I have a guy that came into work today asking about his tractor. It had quit on him a couple times, and he traced it to a bad power wire to the ignition coil. Now, it started acting up that it won't run unless he has the choke partway out. He has rebuilt the carburetor, cleaned it 4 times and replaced all the intake gaskets, yet it still runs the same way. It starts very easily, runs great with the choke out, but as you turn the choke off, it runs rougher and rougher until it chokes off. I figure its either a vacuum leak on the intake manifold or one of the passages in the carb are plugged. Told him I would ask around on here to see if there are any known issues with these carbs/tractors or if there is anything in particular he should look for. Its a Marvel-Schebler carb on the tractor.

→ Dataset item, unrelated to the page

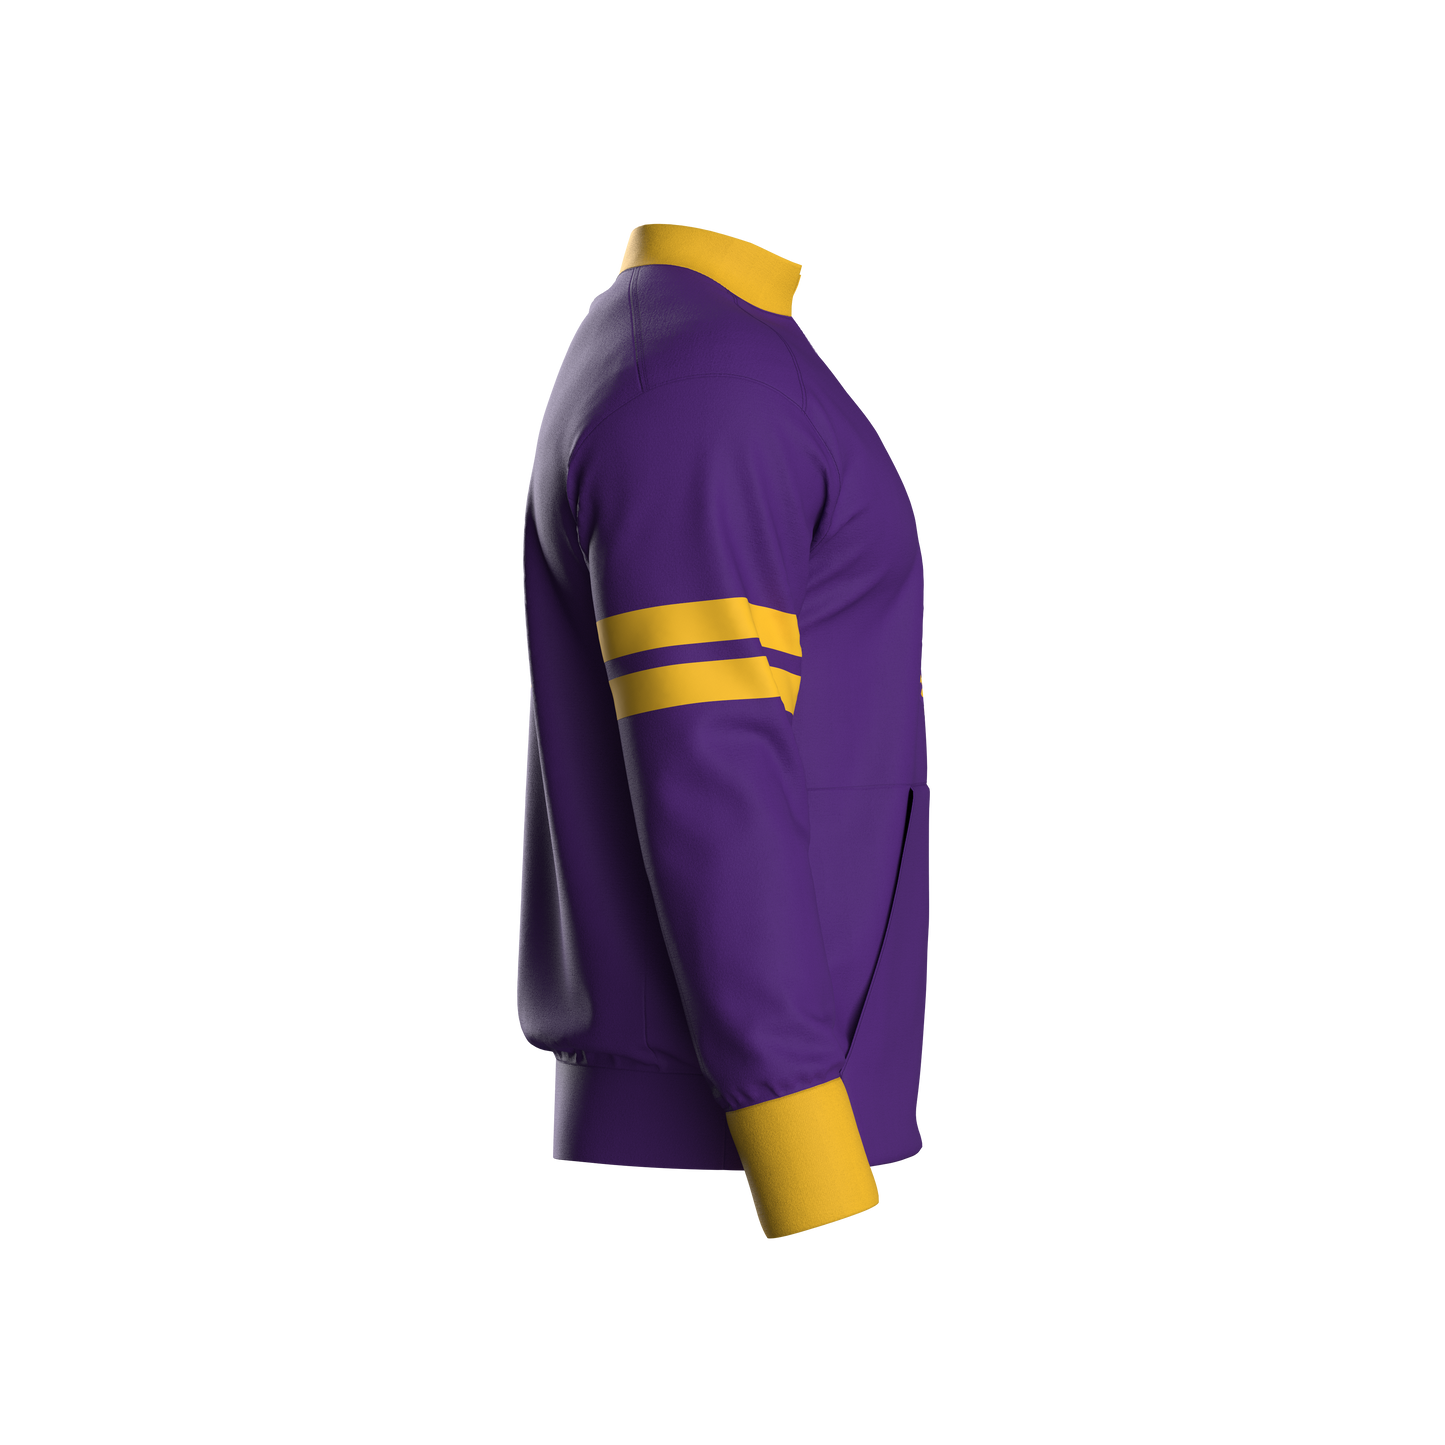 LSU Home Pullover (youth)

PS- He's not sure if it is a 9N or 2N, however he said it is a 1945 model, so it should be a 2N according to Tractordata.com.


----------



## ftorleans1

Sounds like the Main jet or metering circuit in the carb. is blocked. As most folks already know, If you have to pull the choke to keep it running, The air/fuel mixture is way too lean. Pulling the choke restricts how much air can flow through the throttle bore thus allows the mixture to richen up just enough to keep the engine running. 

It is most certainly a fuel delivery problem... Ask him if he has good fuel flow to the carb.


----------